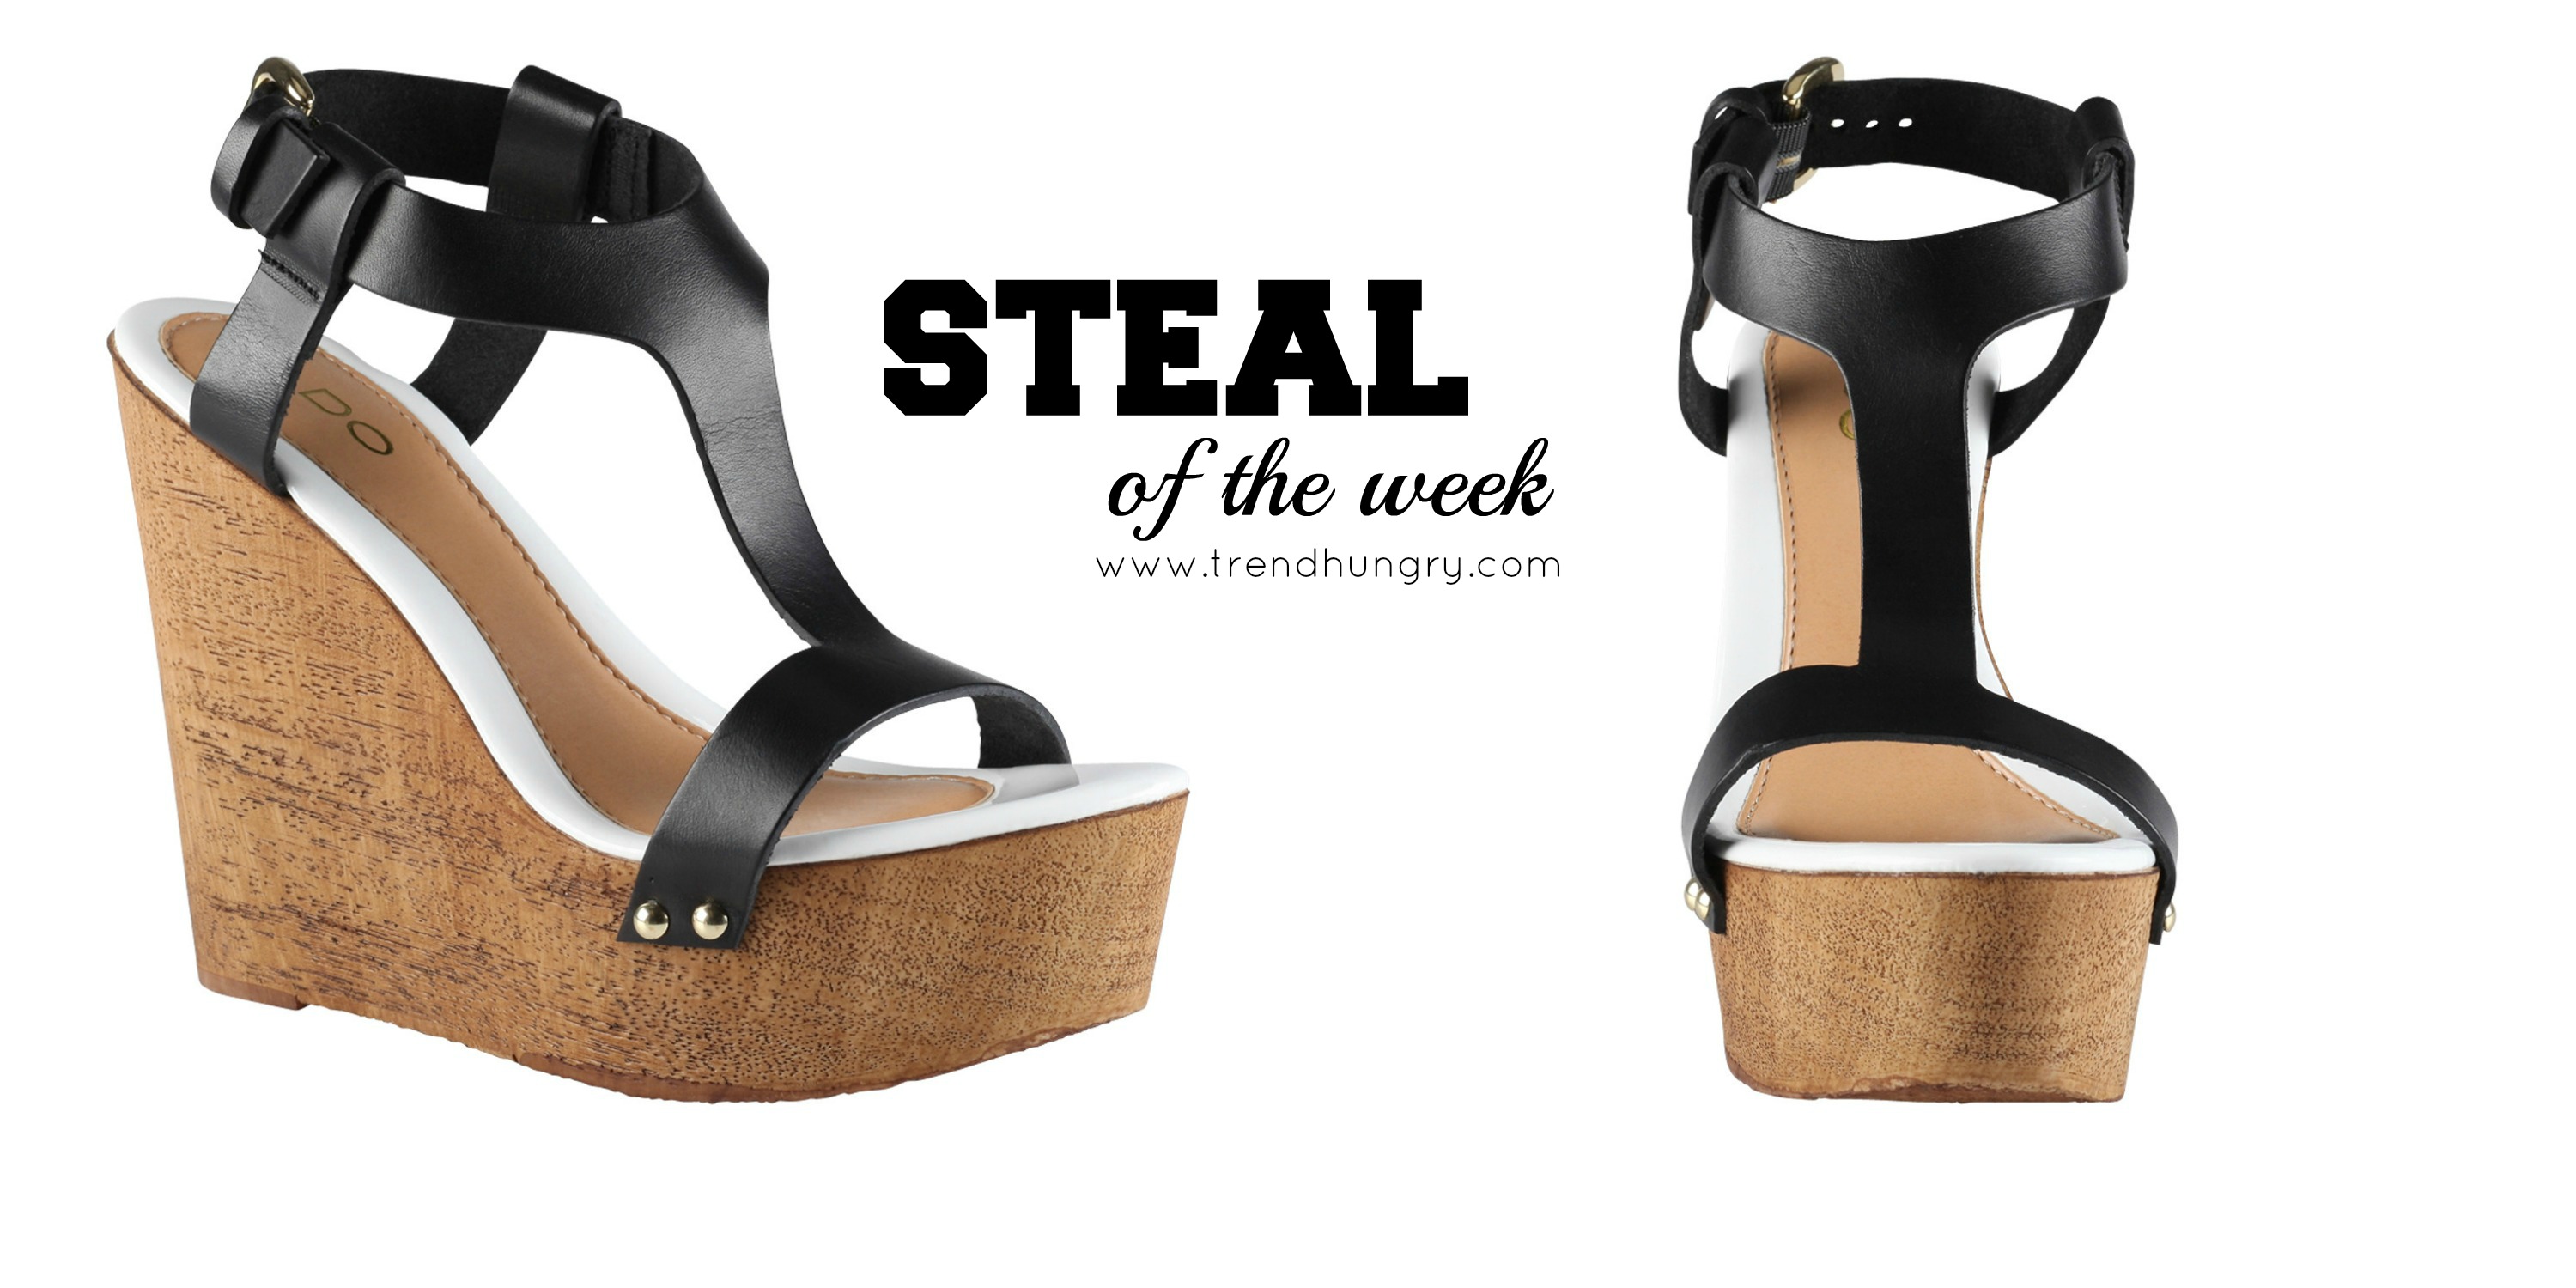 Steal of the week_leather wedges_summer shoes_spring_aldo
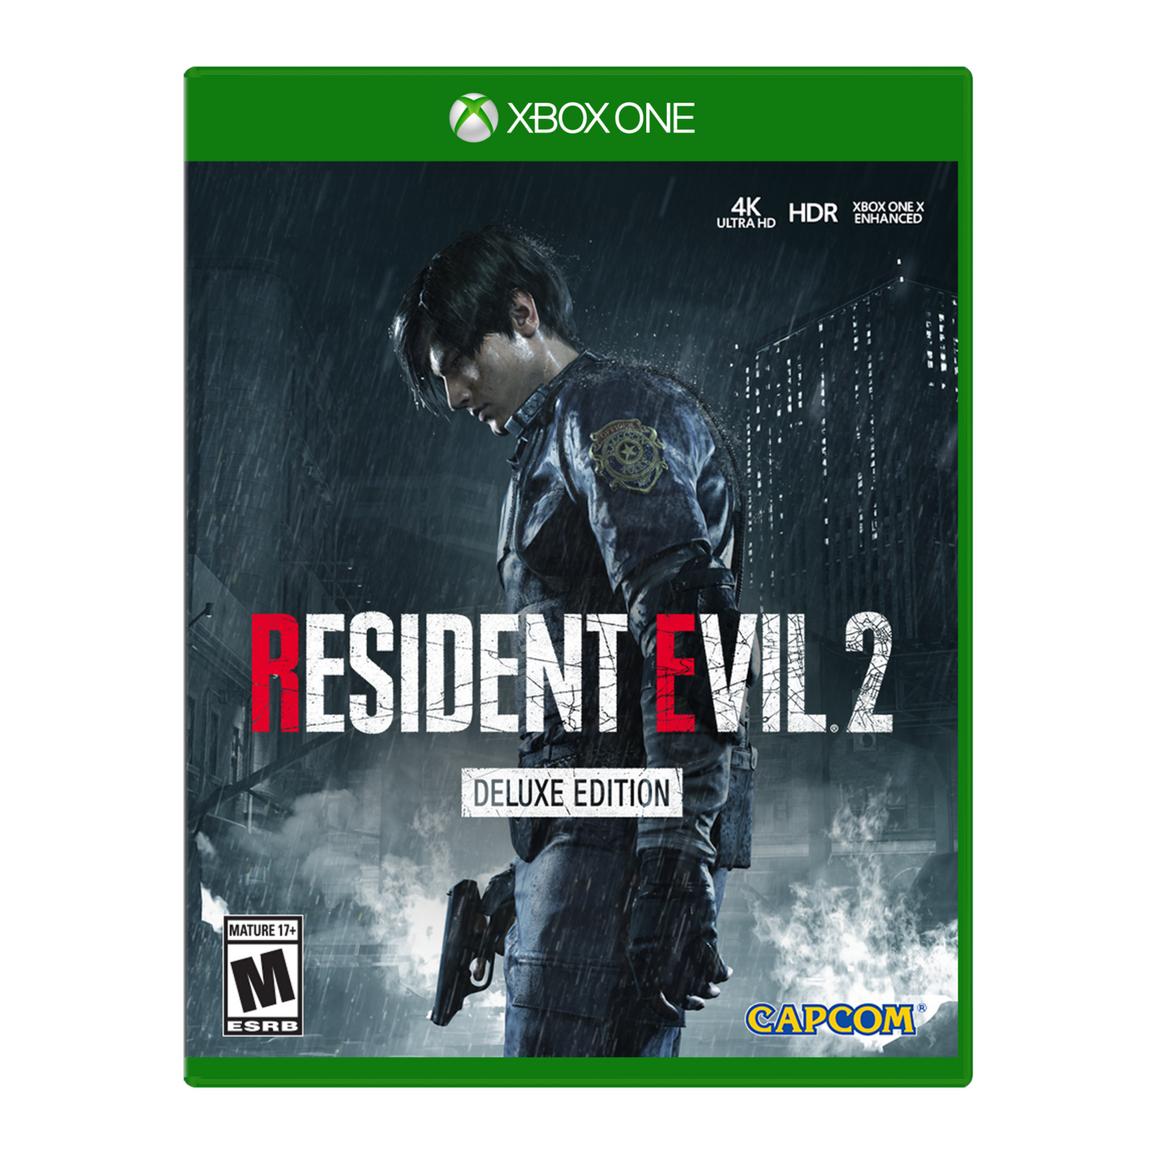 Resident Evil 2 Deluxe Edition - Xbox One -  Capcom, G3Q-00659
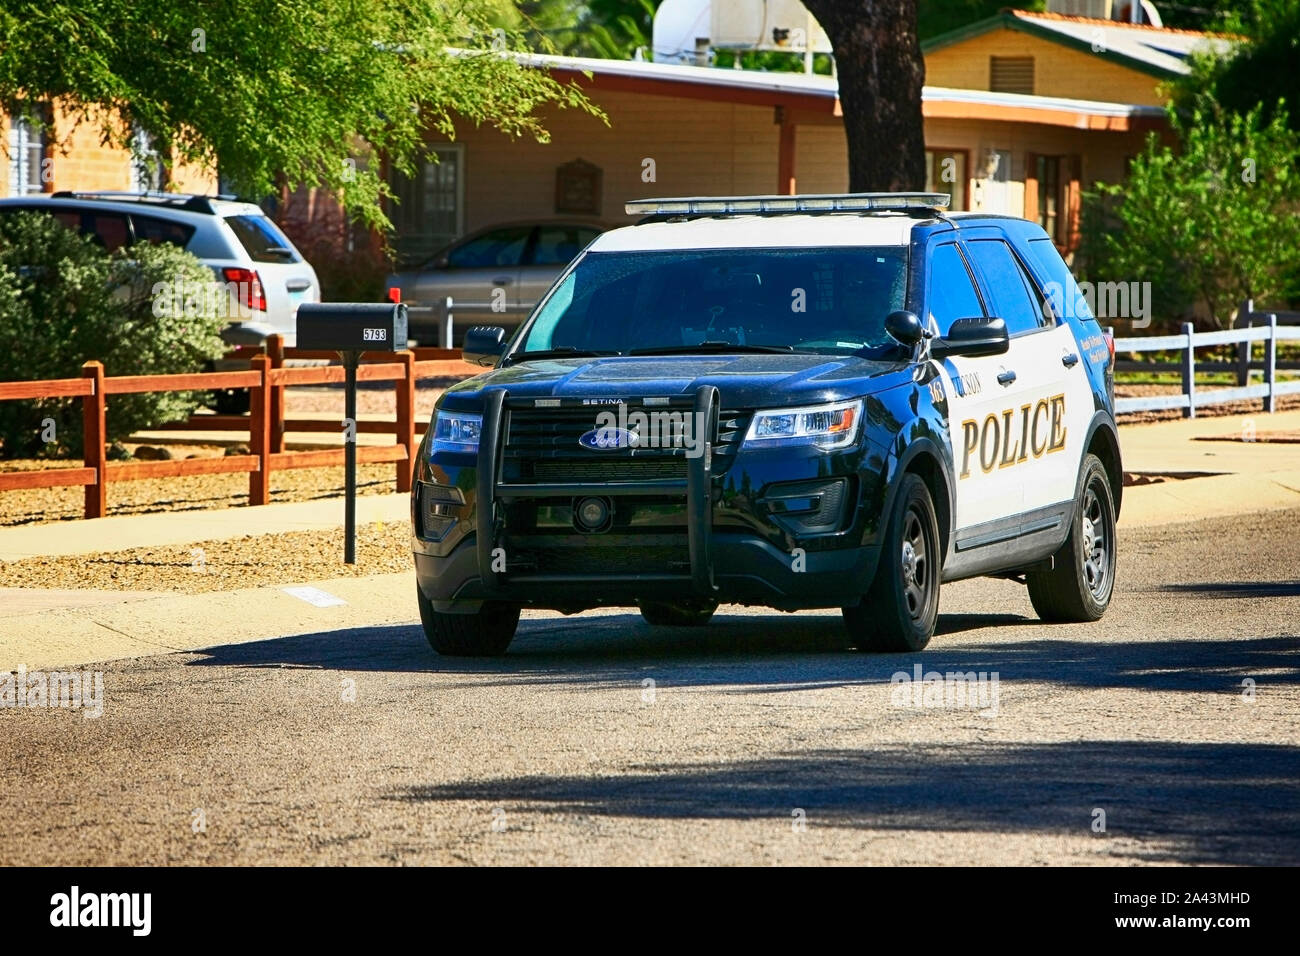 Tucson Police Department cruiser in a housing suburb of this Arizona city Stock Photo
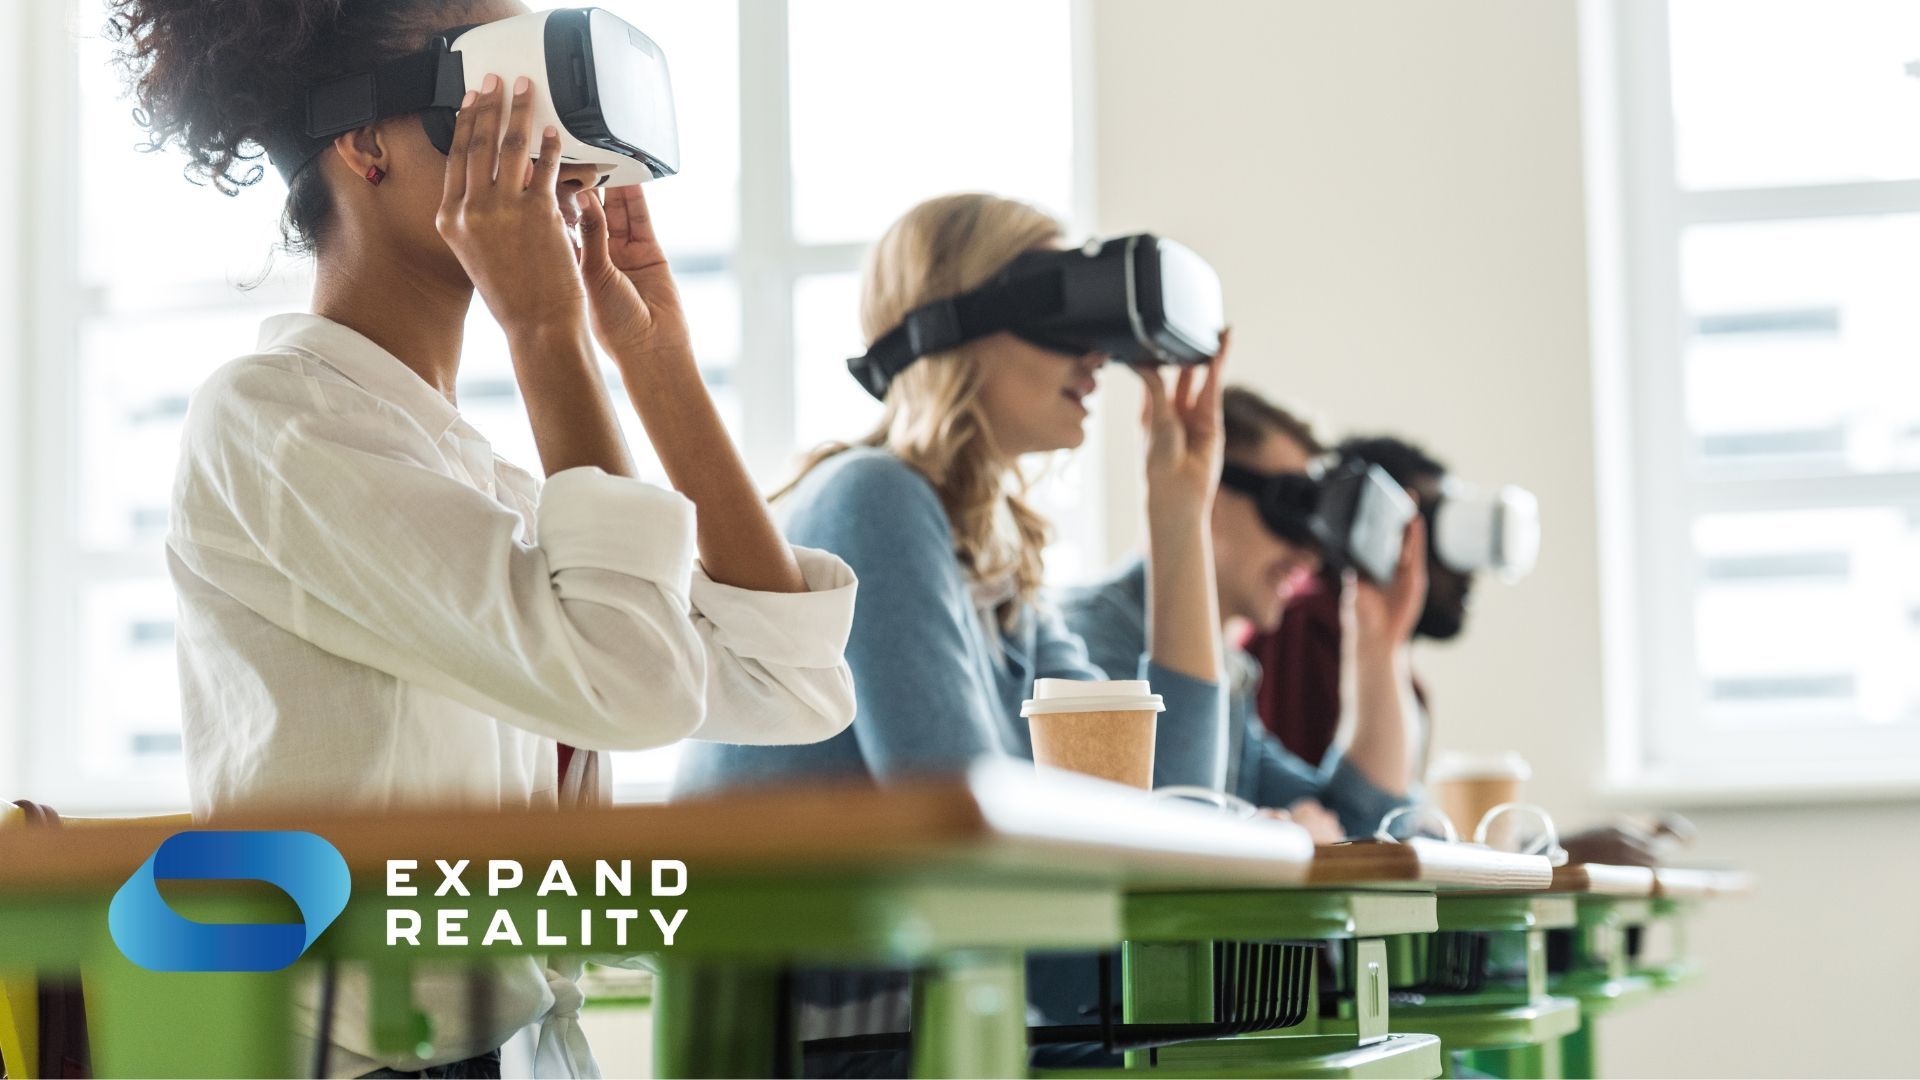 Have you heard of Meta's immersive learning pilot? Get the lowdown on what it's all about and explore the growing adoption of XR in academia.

=-=-=-=-=

> _Your objective_:
The copy should match each line above exactly and contain no images.

> _Output below_:
 Steal of the week_leather wedges_summer shoes_spring_aldo
 Resident Evil 2 Deluxe Edition - Xbox One -  Capcom, G3Q-00659
 Tucson Police Department cruiser in a housing suburb of this Arizona city Stock Photo
 Have you heard of Meta's immersive learning pilot? Get the lowdown on what it's all about and explore the growing adoption of XR in academia.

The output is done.